In a civil complaint filed on Friday in U.S.
District Court for Connecticut, GE said the IRS wrongly
disallowed a $2.2 billion loss it claimed from the 2003 sale of
a reinsurance subsidiary.
The complaint said GE, a large conglomerate that sells jet
engines and financial products, is owed a $439.3 million federal
income tax refund plus $219 million in interest. A court date
has yet to be set.
"The dispute involves a good-faith difference of opinion over
the tax consequences of a restructuring done more than a decade
ago," GE spokesman Seth Martin said in a statement. "While we
have paid the taxes in question, we believe it is in all
parties' interests to resolve this through a court decision," he
said.
GE is arguing that due to the 2003 sale of a struggling
reinsurance business, ERC Life Reinsurance Corp, it could carry
back tax losses into years it had taxable gains, according to
GE's court filing.
The IRS had disagreed with GE's claims for losses and reversed a
tentative tax refund to the company in 2004, the court filing
said.
The IRS declined to comment.
GE told shareholders last year about the dispute with the IRS,
according to the company's regulatory filings.

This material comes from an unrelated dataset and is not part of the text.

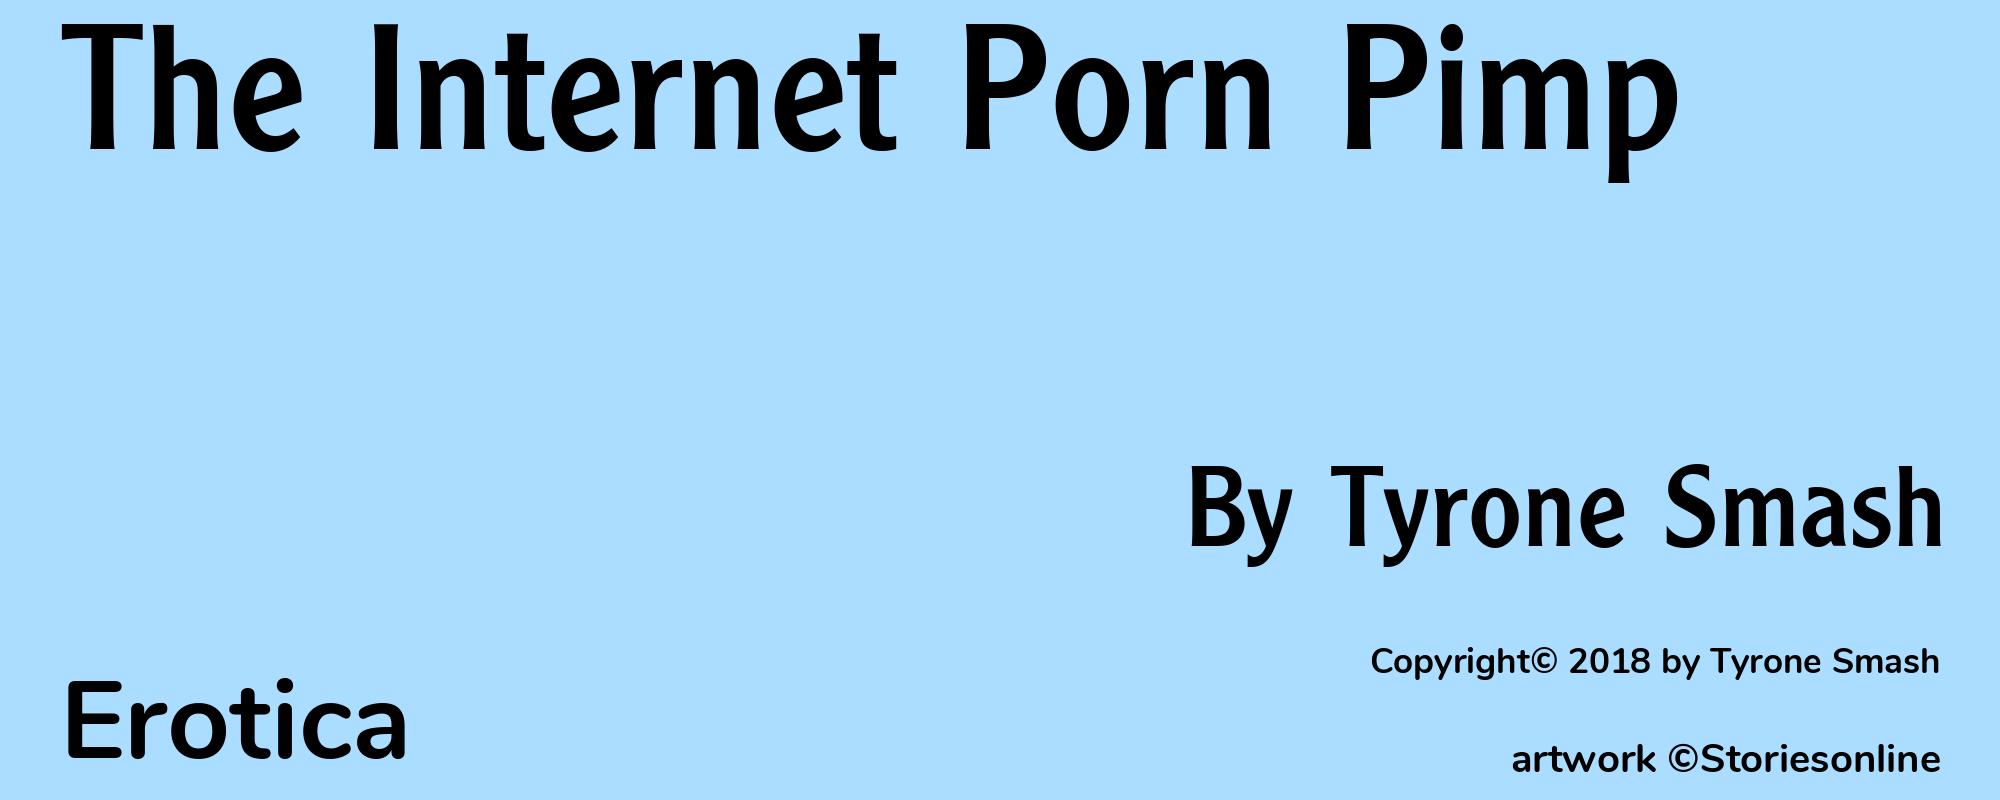 The Internet Porn Pimp - Cover

GE, based in Fairfield, Connecticut, has faced public scrutiny
from watchdog groups for its low effective tax rate. Chief
Executive Jeff Immelt, a top adviser to President Barack Obama
on jobs and the economy, has said repeatedly the United States
ought to reform its corporate tax code.
The case is General Electric Company & Subsidiaries v. United
States of America; No. 3:14-cv-00190.